Ice core just coming out of drill.

All of this work is completed in an 8 m (26 ft) deep trench that was painstakingly dug out last year (but with snow blowers…at least not with shovels!). This trench has been covered with a wooden roof (complete with sky lights), and makes for a fairly comfortable, albeit cold for the sake of the ice cores, working environment.

Kaitlin in the science trench.

Descending the steep stairway from the surface into the system of trenches (one trench is for the drilling operation and one is for the science operation) is otherworldly. It really looks like a civilization of trolls has dug themselves a snow palace. Think Lord of the Rings meets North Pole. Connecting the drill trench and the science trench is a wide passageway through the snow, on the other end of which is a marvel of a laboratory. Several stations are set up where different measurements are being made—each station is manned by some of the best and the brightest graduate students around. Unlike most US drilling programs, for this program, a lot of the ice core measurements are being done on site. This eliminates the risk of something happening to the precious cores before the measurements can be made and helps reduce contamination from handling the core. Basically this hole in the snow in the middle of nowhere has been turned into one of the most advanced ice core laboratories in the world.

The well-tuned processing line. We’re jammn,’ mon.

The trenches are cold, yes, but the group working keeps up morale by listening to music (lots of Bob Marley and Jack Johnson…fairly tropical selections) and taking frequent, mandatory tea and coffee breaks. There are too many nationalities (German, French, Japanese, Greek, Danish, Australian, American) in the trench to keep track of, and everyone pitches in to help everyone out, so that no one falls behind and the work continues seamlessly.

The Stations

Atsushi works the Swiss Saw, which cuts the top of the core off to leave a flat surface for measurements.

The Swiss Saw is run by Atsushi from the Low Temperature Institute in Hokkaido, Japan, who happens to be a whiz at the thing, very fast and precise.
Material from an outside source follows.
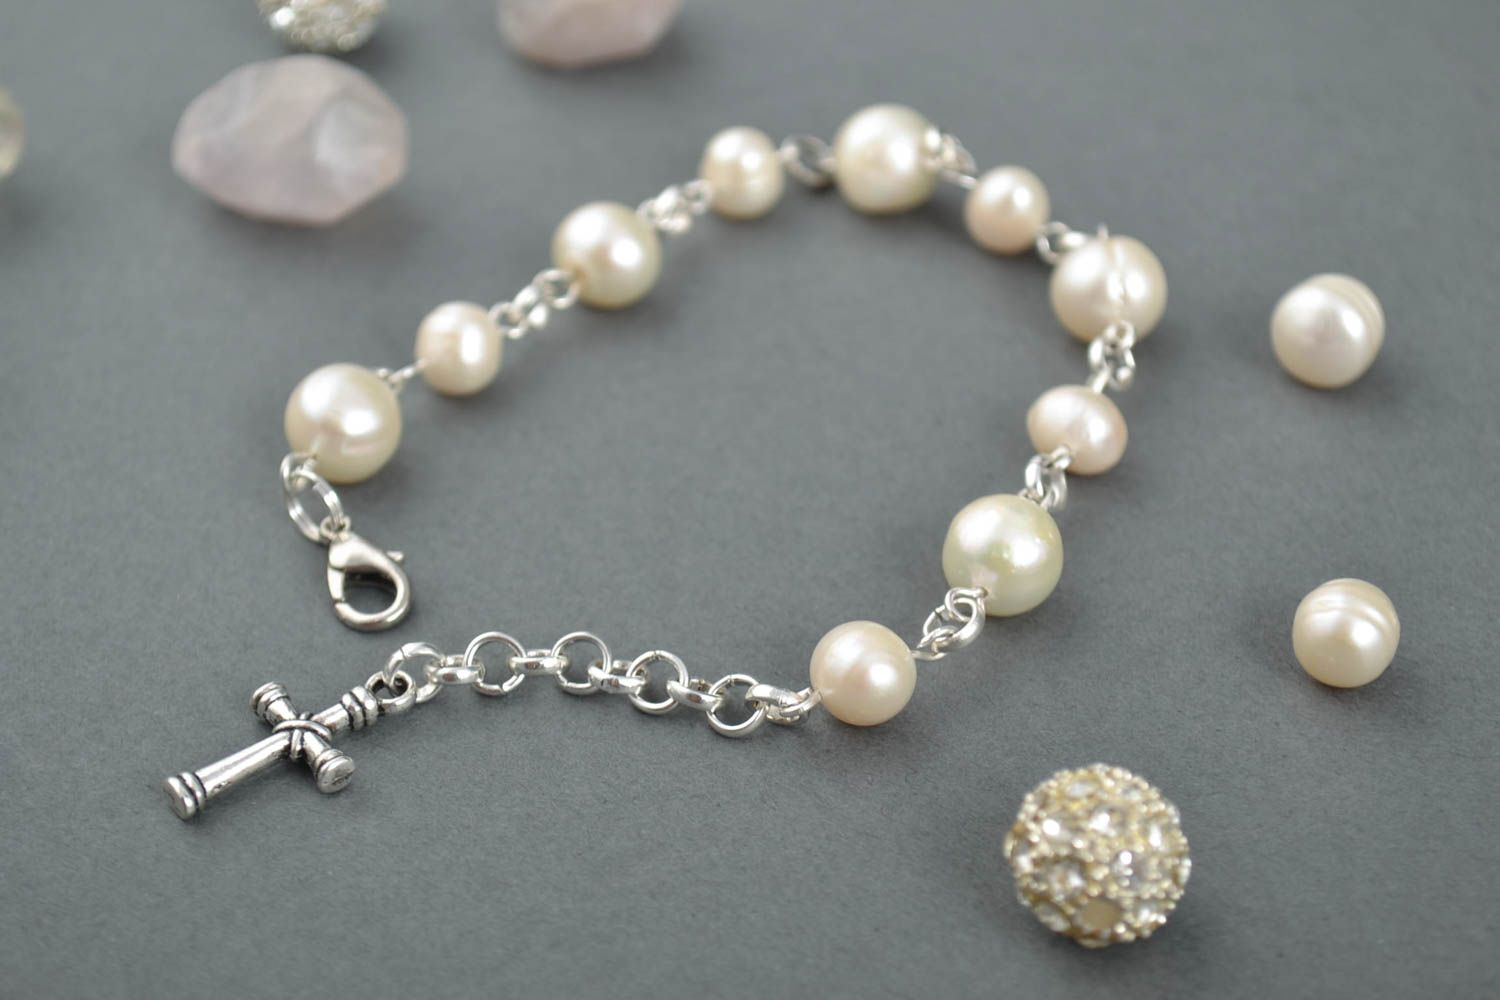 Pearl bracelet handcrafted jewelry charm bracelet fashion accessories gift ideas photo 1

He is hard to keep up with. The Swiss saw cuts the top of the ice core off, as it is lying down horizontally. This allows for several of the next measurements to be made, as it leaves a nice flat surface to work on.

The line scan. Bubbles in the ice are visible as the line scanner moves over the core.

Vasileois carefully preparing the ice core for the line scan.

The line scan is run by Vasileios from Denmark. The line scanner is a video camera set on a track that records an image of the cores after Vas, and his helper Kaitlin (Kaitlin agreed to help out for a bit in the science trench after we had most of our work done), have carefully shaved the top of the ice core so that it becomes perfectly clear. The line scan records the visual stratigraphy, or layering, in the ice core. The ice core is photographed against a dark background using indirect light, which allows for clear and cloudy bands in the ice to be imaged. The cloudy bands contain more impurities, especially dust, than the clear bands of ice, and show up white while the clear bands show up as black against the background. The bands are indications of seasonal cycles, with dustier ice with higher impurities originating in summer months.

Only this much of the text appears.